Study shows why trees won't benefit much from extra CO2 in the air
The amount of carbon dioxide in the atmosphere is increasing steadily, having recently reached the highest concentration in human history. While that’s undoubtedly bad news for the planet, one argued silver lining is that plants are better off due to more of their food being in the air. But a new study has dashed those hopes, finding that the more extreme heat and drought brought on by climate change would cancel out most of the benefits for trees.
Carbon dioxide is the main nutrient for plants, who pluck it out of the atmosphere and, with the help of sunlight, convert it into chemical energy so they can grow. So it follows that more CO2 would be a good thing for our photosynthesizing friends, right?
To an extent that’s true, but things are more complex than that. More CO2 means a warmer and drier planet, and these factors would also have an effect on plants.
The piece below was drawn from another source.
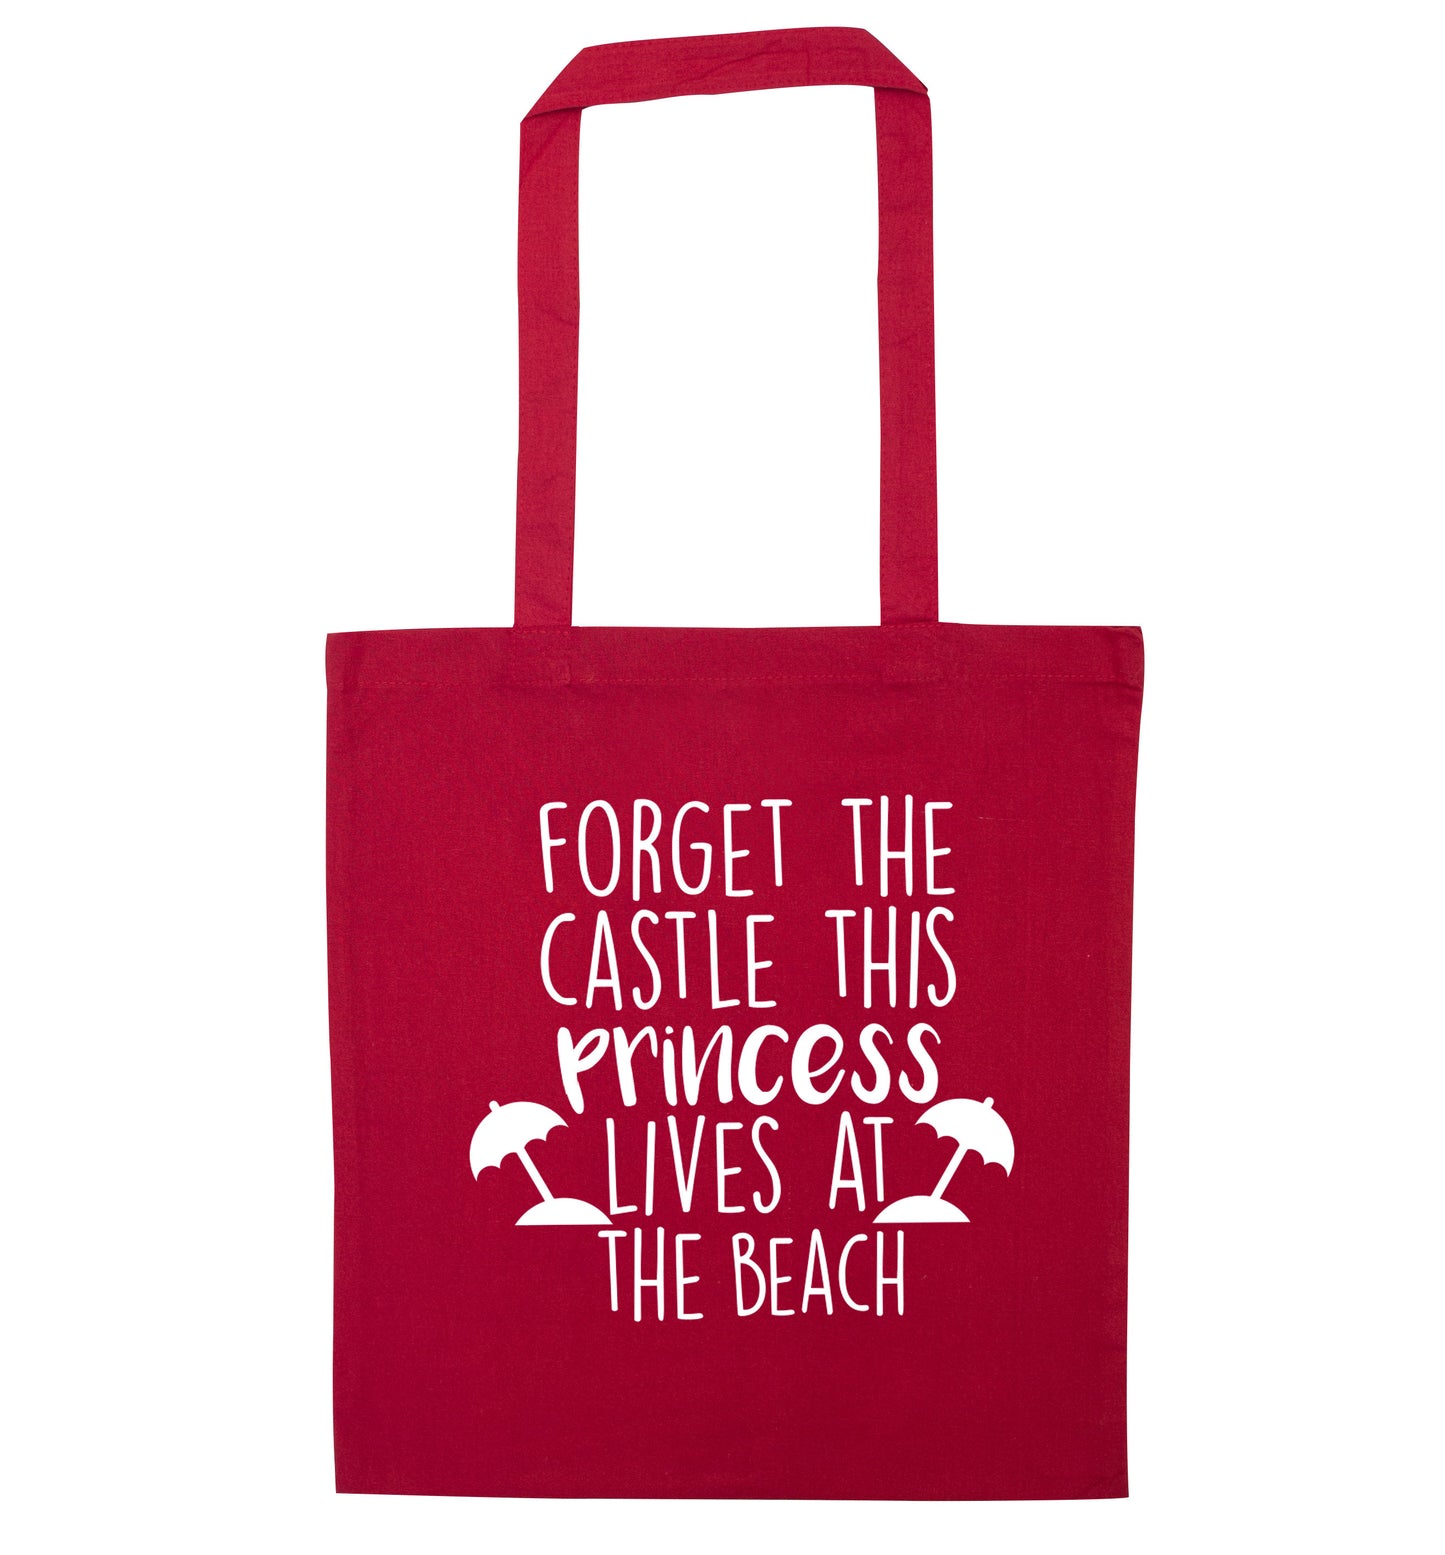 Forget the castle this princess lives at the beach red tote bag

And just how much of an effect was the focus of a new study, conducted by researchers at Karlsruhe Institute of Technology (KIT), Ludwig-Maximilians-Universität München, the University of Vienna, and Weizmann Institute of Science.
The researchers grew a series of Aleppo pines from seeds under two different concentrations of CO2 – 421 parts per million (ppm), which is a little higher than the current atmospheric level, and an elevated level of 867 ppm.
When the trees were 18 months old, the team began testing them. For the first month, they watered one group well, while leaving others without, to simulate drought conditions. Then, they planted both groups in chambers where they could control the temperature. Over 10 days, the heat was gradually increased from a pleasant 25 °C (77 °F) to a sweltering 40 °C (104 °F), while the scientists measured the trees’ responses.
The team found that higher CO2 levels did help the trees use their water more efficiently, and lose less of it, as the heat rose. That was largely thanks to root proteins becoming more stable, and the trees closing their stomata – the pores in leaves that allow for gas exchange.
But that’s where the benefits end, unfortunately. Closed stomata meant the stressed-out trees took up significantly less carbon from the air, and the heat had a negative effect on their metabolism as well.
“Overall, the impact of the increased CO2 concentration on stress reactions of the trees was rather moderate,” says Nadine Rühr, lead author of the study. “With increasing heat and drought, it decreased considerably. From this, we conclude that the increasing CO2 concentration of the atmosphere cannot compensate the stress of the trees resulting from extreme climate conditions.”
Of course, this is just one brief study on one species of tree, so there’s no assurance that the results apply to all other species. But it does feed into what we already know about tree biology, and contributes to the complex picture of how plants are responding to climate change, and what effects that will have.
Other recent studies have found that more CO2 is making trees grow faster and die younger, so they return their captured carbon to the atmosphere earlier than usual. And even when more are growing, the types of trees and the environments they’re growing in are also factors. For instance, another study found that “woody” plants are on the rise, covering more of the world’s savannas and tundras, but these changing biomes could have unexpected negative consequences.
The new study was published in the journal New Phytologist.